A base que se formou na primeira metade do mandato de Bolsonaro, e que de fato misturou Baleia Rossi e Arthur Lira, permitiu que se avançasse um pouco na pauta das reformas, e também que se aprovassem leis como a do novo Fundeb e a do Marco do Saneamento. Além, é claro, do pacote de auxílio emergencial da pandemia. 

Dizer que essa base é governista ou bolsonarista é distorcer a realidade. Na maior parte dos debates o governo ficou a reboque, sempre meio perdido, sempre muito incompetente. 

A diferença realmente significativa entre Baleia Rossi e Arthur Lira não está naquilo que eles votaram, mas naquilo que cada um está disposto a manter engavetado. 

A pauta bolsonarista não entrou em discussão durante o mandato de Rodrigo Maia. Com Rossi, deve continuar represada. Com Lira, a tendência é que se abra a caixa de Pandora. 

Nem vou entrar no mérito de cada assunto. Fiquemos apenas na questão das prioridades: alguém acha mesmo que em meio a um cenário de crise econômica e social como o que o país atravessa a Câmara deve gastar meses discutindo um assunto divisivo como, por exemplo, o porte de armas, enquanto a reforma tributária, também ela difícil de aprovar, fica na espera?

Com Lira, em vez de discutir assuntos que podem mudar a forma como o país funciona, a Câmara vai mergulhar de cabeça no pântano ideológico do bolsonarismo. O presidente vai se sentir à vontade como nunca para dizer e fazer barbaridades, e as chances de pagar a conta num processo de impeachment cairão quase a zero. 

Esta eleição para a presidência da Câmara é atípica, porque pode realmente influir no ambiente político do país. Os deputados precisam entender que não se trata apenas de uma questão interna, e precisam saber que há gente prestando atenção.  

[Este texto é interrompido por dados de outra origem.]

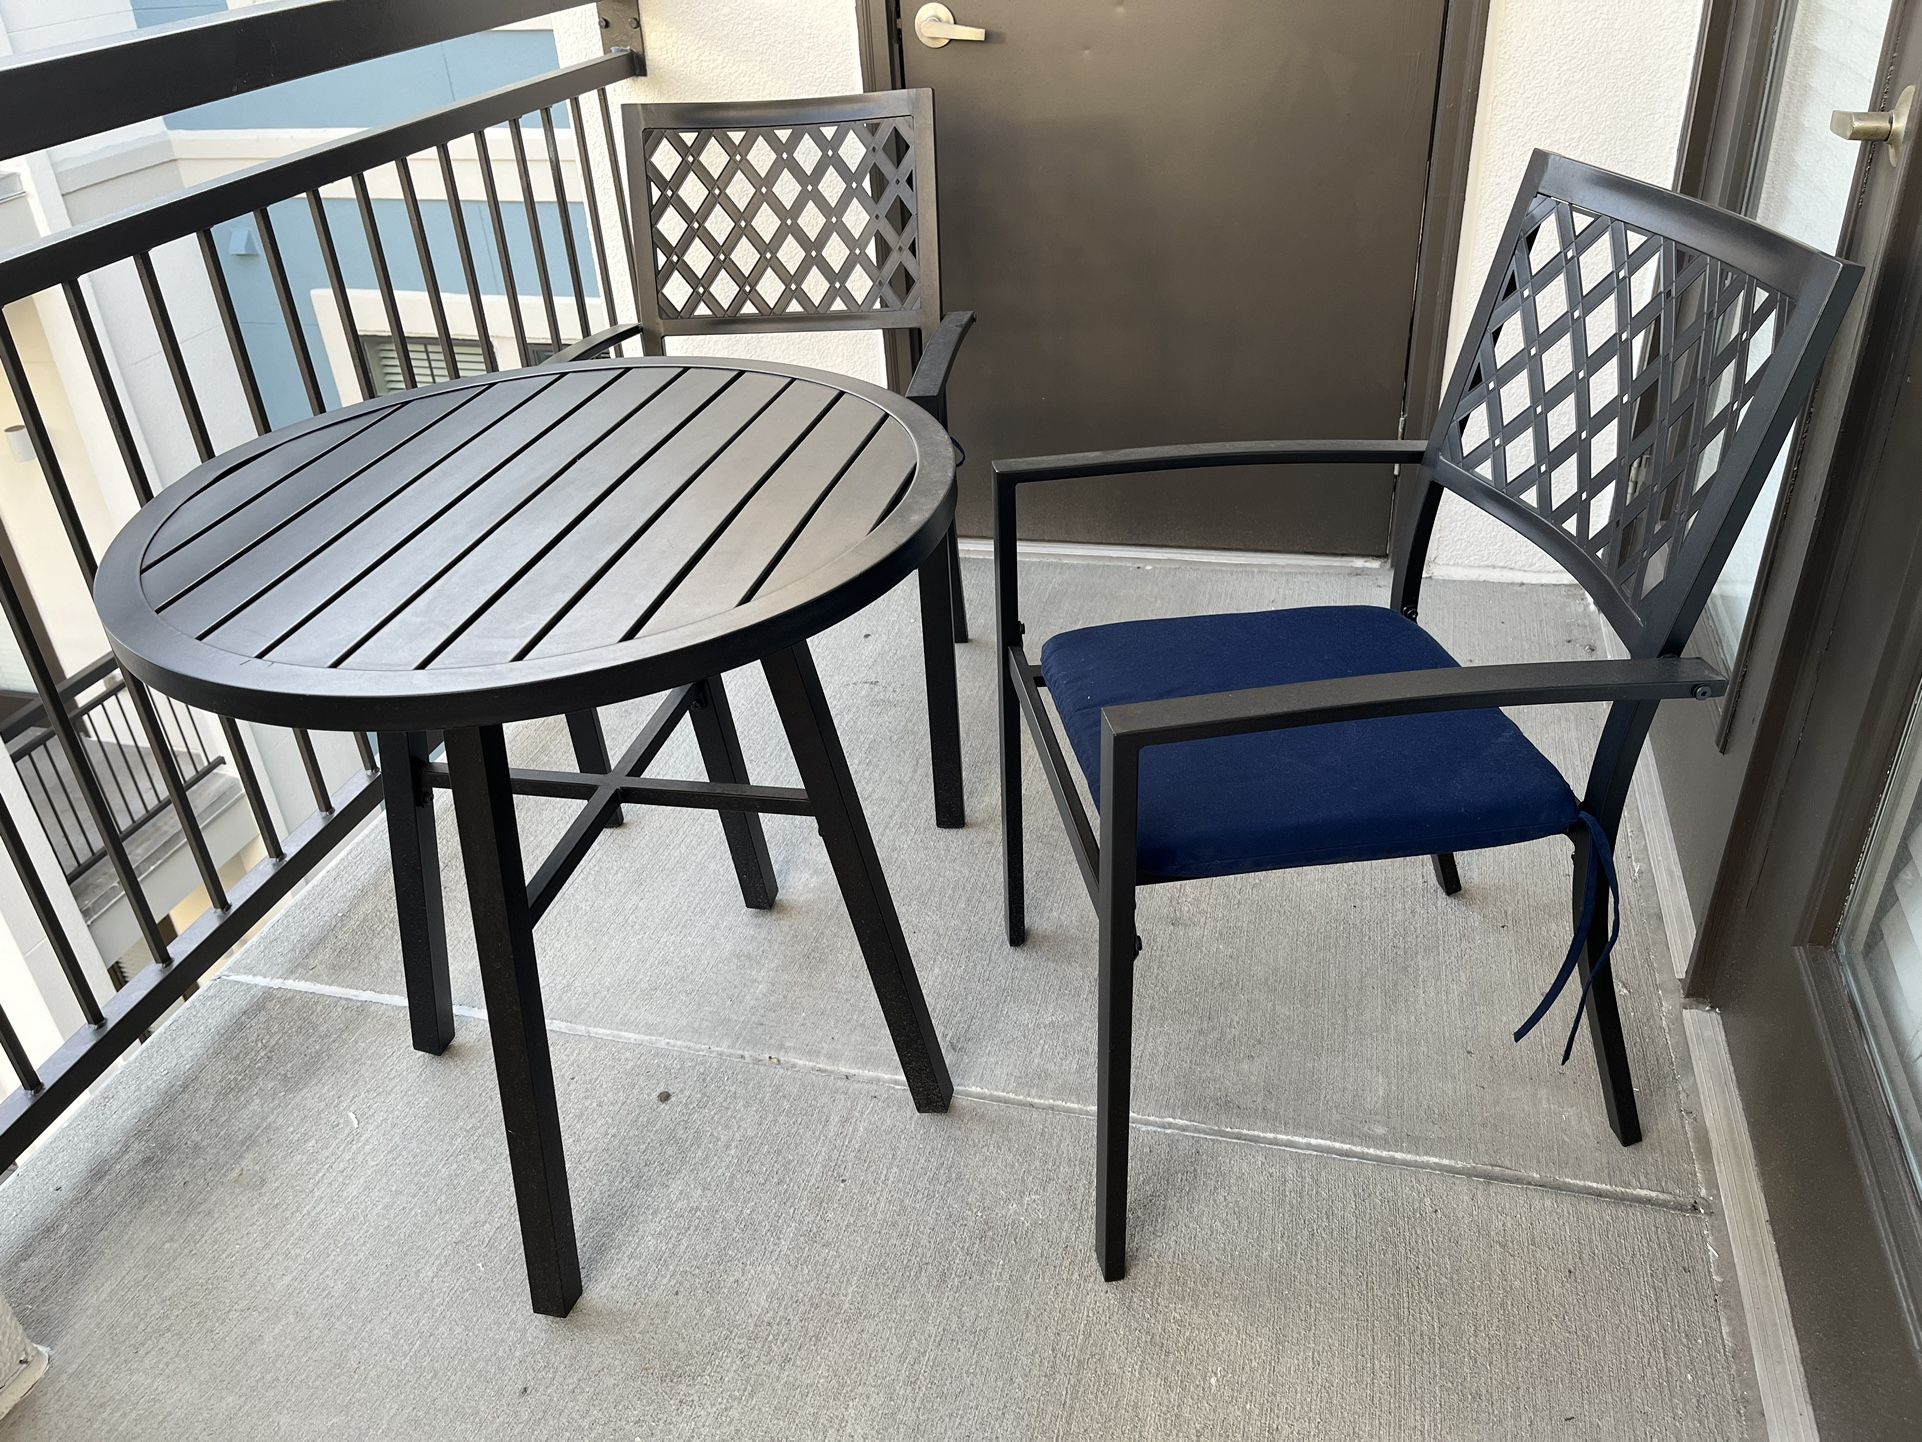 Patio Furniture Set - 2 chairs & table
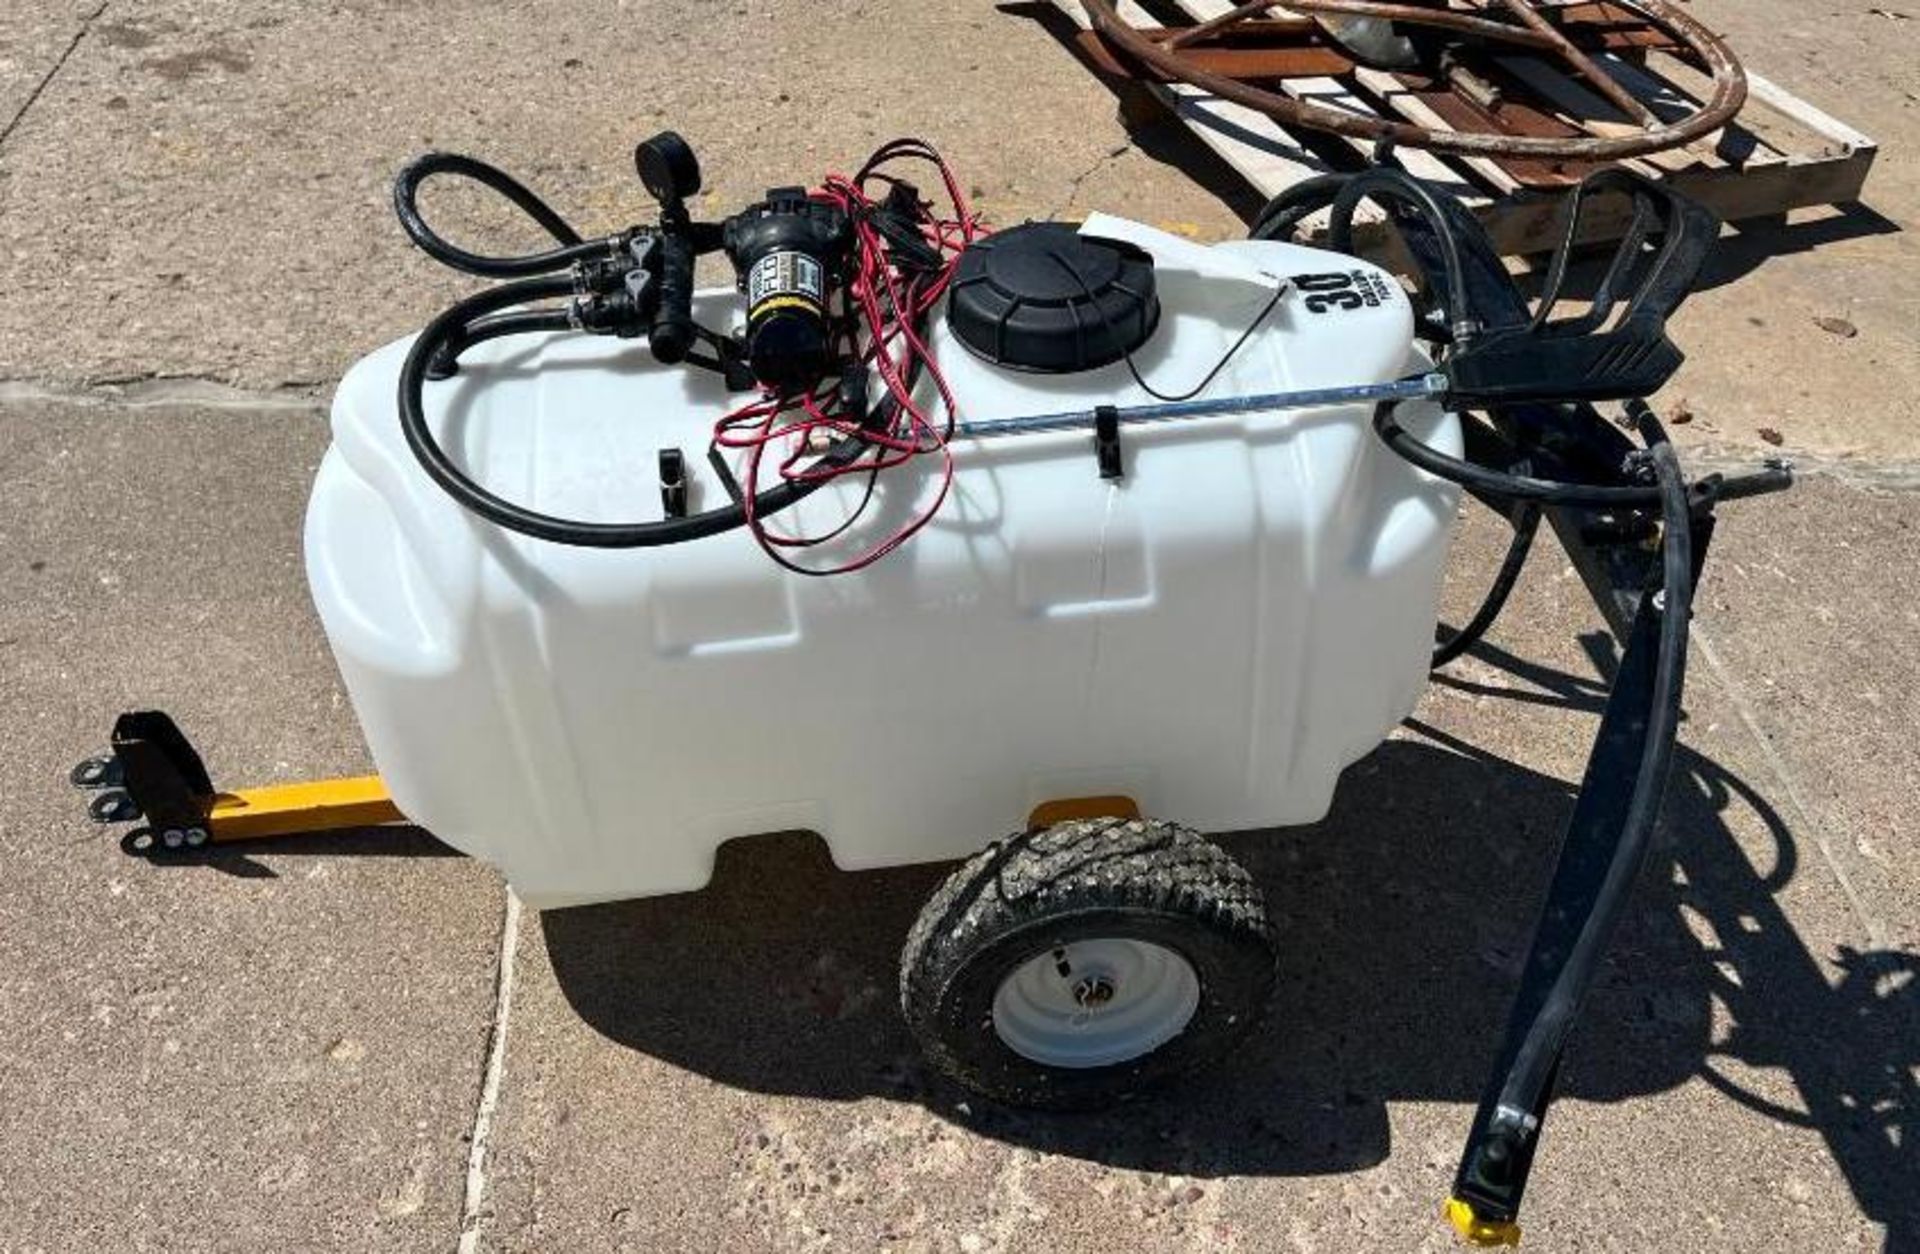 Countyline Tractor Supply 30 Gallon Sprayer, Model TX30G-CL, High Flo Gold Series Pump. Located in M

Não é hora de tergiversar como fazem alguns partidos – o Novo, por exemplo. O fundador da legenda está fazendo campanha pelo impeachment. O governador Romeu Zema apoia Arthur Lira, sob a justificativa estapafúrdia de que ele é o nome melhor posicionado para conduzir reformas. Enquanto isso, o deputado Marcel van Hatten decide se candidatar à presidência da Câmara, para marcar posição. É patético. 

É preciso ter prioridades. A prioridade agora é assegurar que a Câmara não cairá nas garras de Jair Bolsonaro.